A risk based approach is key. Remember that the company is still relatively small and you need to be realistic what threats we are trying to protect against. Blindly picking your favourite NIST Cybersecurity Framework and applying all the controls might prove counterproductive.
Yes, the challenges are different compared to securing a large enterprise, but there some upsides too. In a startup, more often than not, you’re in a privileged position to build in security and privacy by design and deal with much less technical debt. You can embed yourself in the product development and engineering from day one. This will save time and effort trying to retrofit security later – the unfortunate reality of many large corporations.
Be wary, however, of imposing too much security on the business. At the end of the day, the company is here to innovate, albeit securely. Your aim should be to educate the people in the company about security risks and help them make the right decisions. Communicate often, showing that security is not only important to keep the company afloat but that it can also be an enabler. Changing behaviours around security will create a positive security culture and protect the business value.
How do you apply this in practice? Let’s say we established that we need to guard the company’s reputation, customer data and intellectual property all the while avoiding data breaches and regulatory fines. What should we focus on when it comes to countermeasures?
I recommend an approach that combines process and technology and focuses on three main areas: your product, your people and your platform.
Think of your product and your website as a front of your physical store. Thant’s what customers see and interact with. It generates sales, so protecting it is often your top priority. Make sure your developers are aware of OWASP vulnerabilities and secure coding practices. Do it from the start, hire a DevOps security expert if you must. Pentest your product regularly. Perform code reviews, use automated code analysis tools. Make sure you thought through DDoS attack prevention. Look into Web Application Firewalls and encryption. API security is the name of the game here. Monitor your APIs for abuse and unusual activity. Harden them, think though authentication.
I talked about building security culture above, but in a startup you go beyond raising awareness of security risks. You develop processes around reporting incidents, documenting your assets, defining standard builds and encryption mechanisms for endpoints, thinking through 2FA and password managers, locking down admin accounts, securing colleagues’ laptops and phones through mobile device management solutions and generally do anything else that will help people do their job better and more securely.

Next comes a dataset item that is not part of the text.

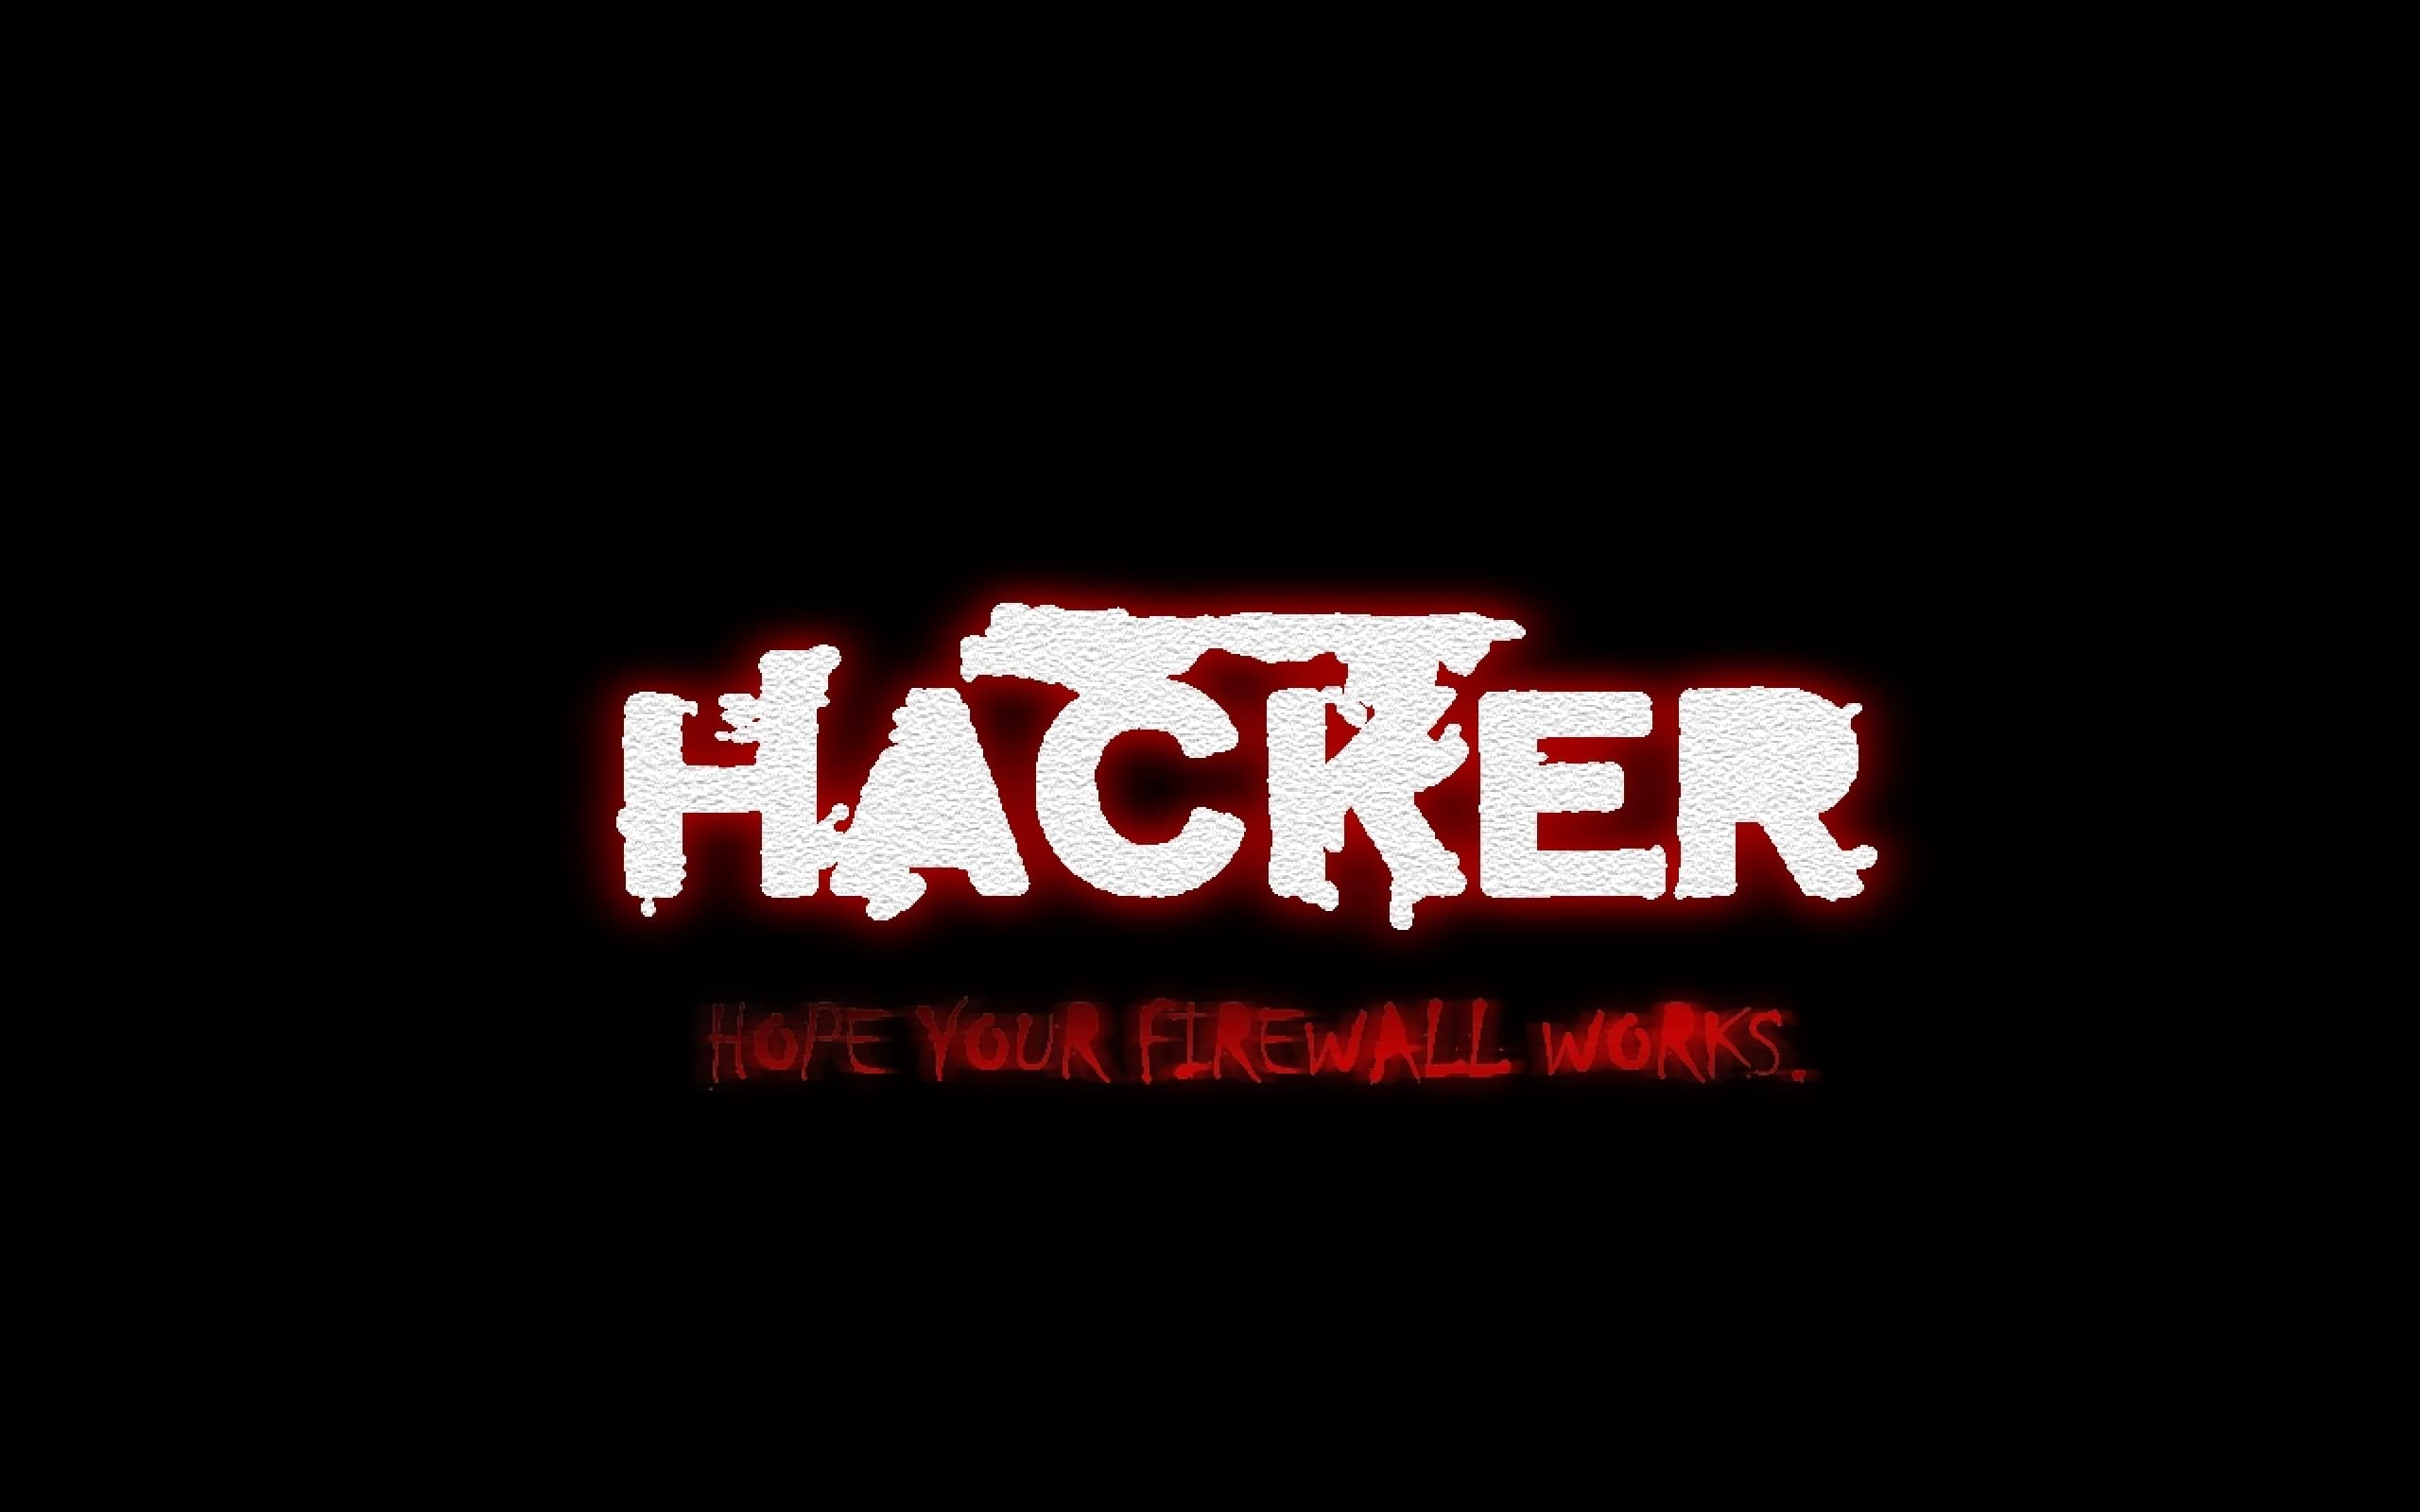 Hacker Wallpaper Pc Kolpaper Awesome Free Hd Wallpapers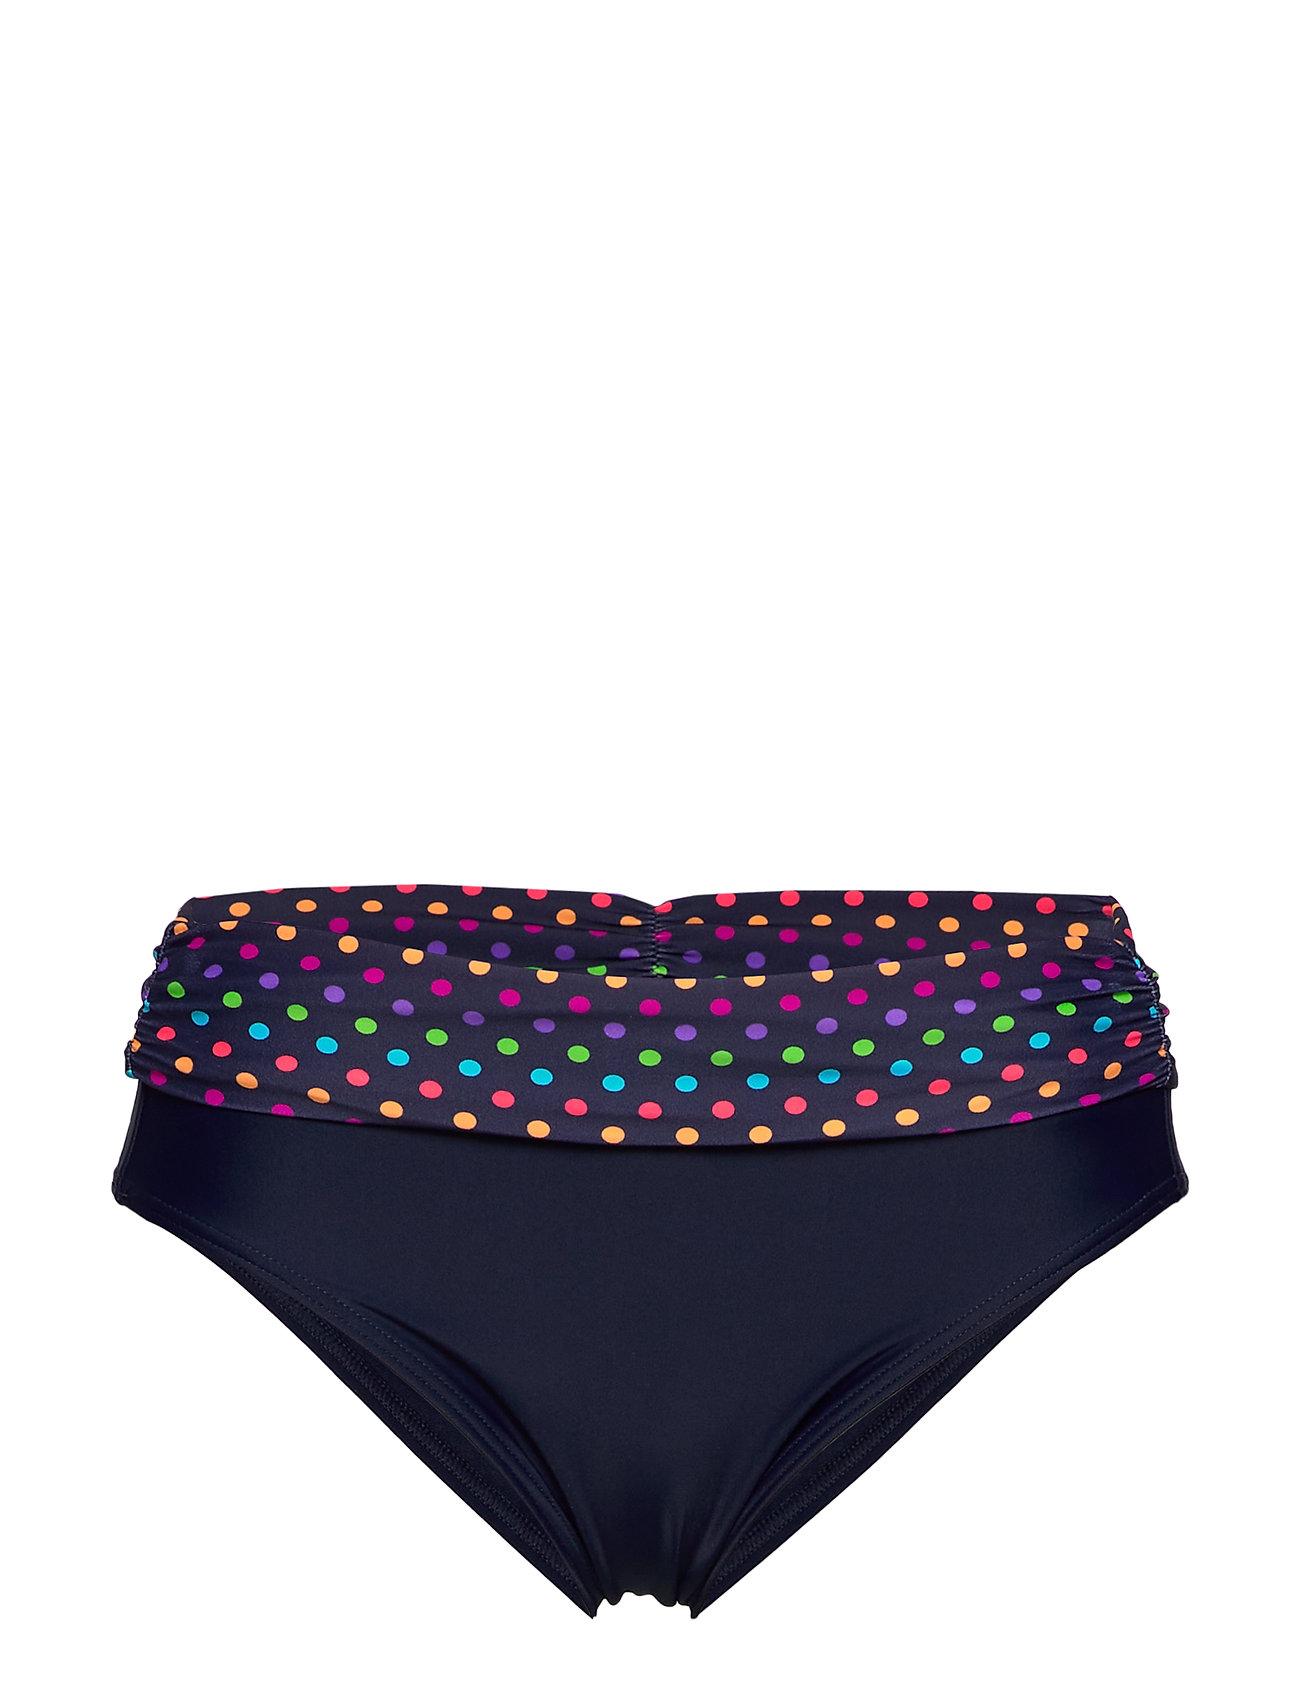 Image of Swim Tai De Luxe Bikinitrusser Blå Wiki (3368408083)

Some years ago I would’ve talked about network perimeter, firewalls and DMZs here. Today it’s all about the cloud. Know your shared responsibility model. Check out good practices of your cloud service provider. Main areas to consider here are: data governance, logging and monitoring, identity and access management, disaster recovery and business continuity. Separate your development and production environments. Resist the temptation to use sensitive (including customer) data in your test systems, minimise it as much as possible. Architect it well from the beginning and it will save you precious time and money down the road.
Every section above deserves its own blog and I have deliberately kept it high-level. The intention here is to provide a framework for you to think through the challenges most startups I encountered face today.
If the majority of your experience comes from the corporate environment, there are certainly skills you can leverage in the startup world too but be mindful of variances. The risks these companies face are different which leads to the need for a different response. Startups are known to be flexible, nimble and agile, so you should be too.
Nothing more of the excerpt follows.